One important real-world complication that Friedman’s article largely neglects is that business lobbying does a great deal to determine what the laws are. It’s all well and good, in other words, to say that businesses should follow the rules and leave worrying about environmental externalities up to the regulators. But in reality, polluting companies invest heavily in making sure that regulators underregulate — and it seems to follow from the doctrine of shareholder supremacy that if lobbying to create bad laws is profitable for shareholders, corporate executives are required to do it.

The economics of shareholder supremacy

The shareholder value era has pretty clearly brought about an explosion in inequality in the United States.

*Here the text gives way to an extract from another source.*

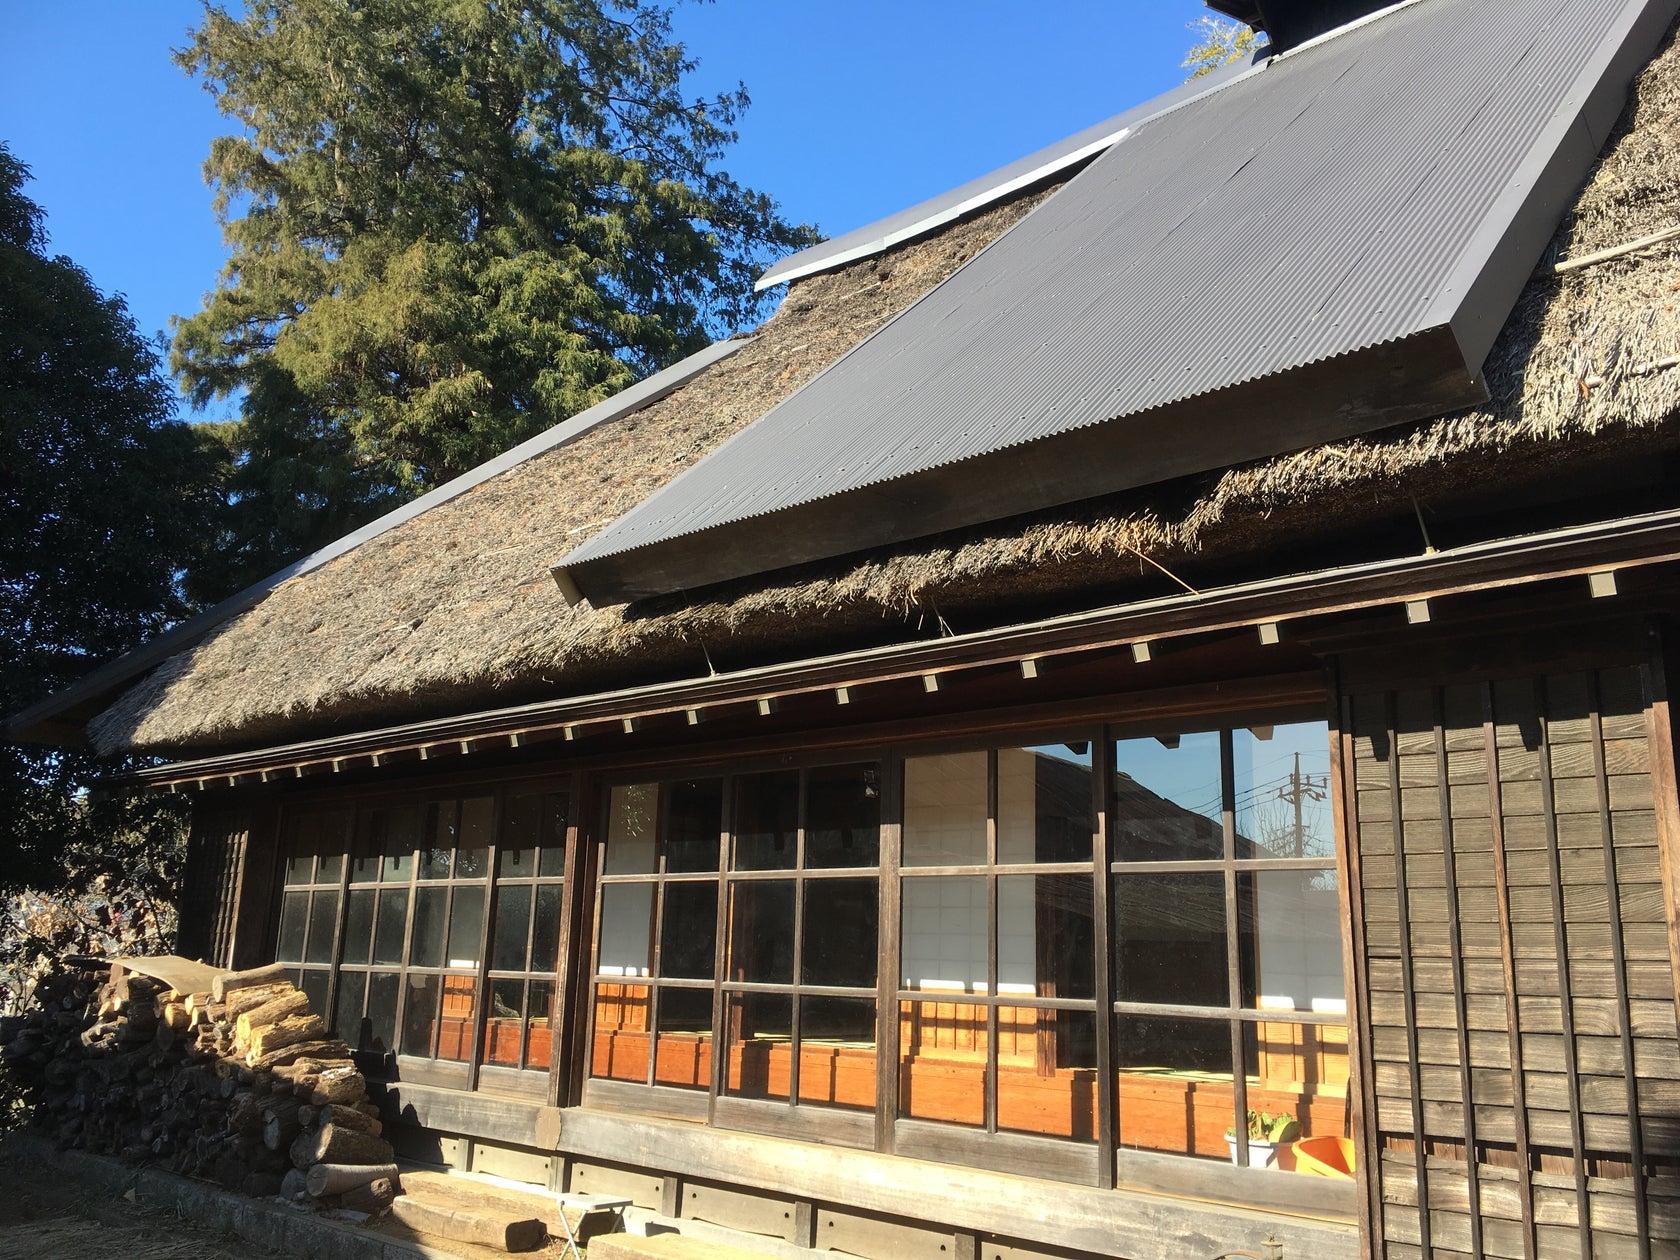 Osmo Pocketが使える!【東京 町田】築153年の茅葺き古民家で、春のお花、新緑と戯れよう!写真撮影スポット多数。 の写真

It succeeded, for starters, in greatly increasing the value of shares of stock in the English-speaking countries where Friedman’s doctrine has been most influential.

Senator Elizabeth Warren makes an important observation in her Wall Street Journal op-ed.

In the four decades after World War II, shareholders on net contributed more than $250 billion to U.S. companies. But since 1985 they have extracted almost $7 trillion. That’s trillions of dollars in profits that might otherwise have been reinvested in the workers who helped produce them.

Before “shareholder value maximization” ideology took hold, wages and productivity grew at roughly the same rate. But since the early 1980s, real wages have stagnated even as productivity has continued to rise. Workers aren’t getting what they’ve earned.

Companies also are setting themselves up to fail. Retained earnings were once the foundation for long-term investments. But from 1990 to 2015, nonfinancial U.S. companies invested trillions less than projected, funneling earnings to shareholders instead. This underinvestment handcuffs U.S. enterprise and bestows an advantage on foreign competitors.

The problem may get worse, because executives have a strong financial incentive to prioritize shareholder returns. Before 1980, top CEOs were rarely compensated in equity. Today it accounts for 62% of their pay. Many executives receive additional company shares as a reward for producing short-term share-price increases. This feedback loop has sent CEO pay skyrocketing. The average CEO of a big company now makes 361 times what the average worker makes, up from 42 times in 1980.

We must fight against shareholder supremacy and with that the corporate control of our entire being. Not only is it corrosive to society, it is simply a form of detached indentured servitude bordering on antiseptic slavery — this time, not color-based but class-based.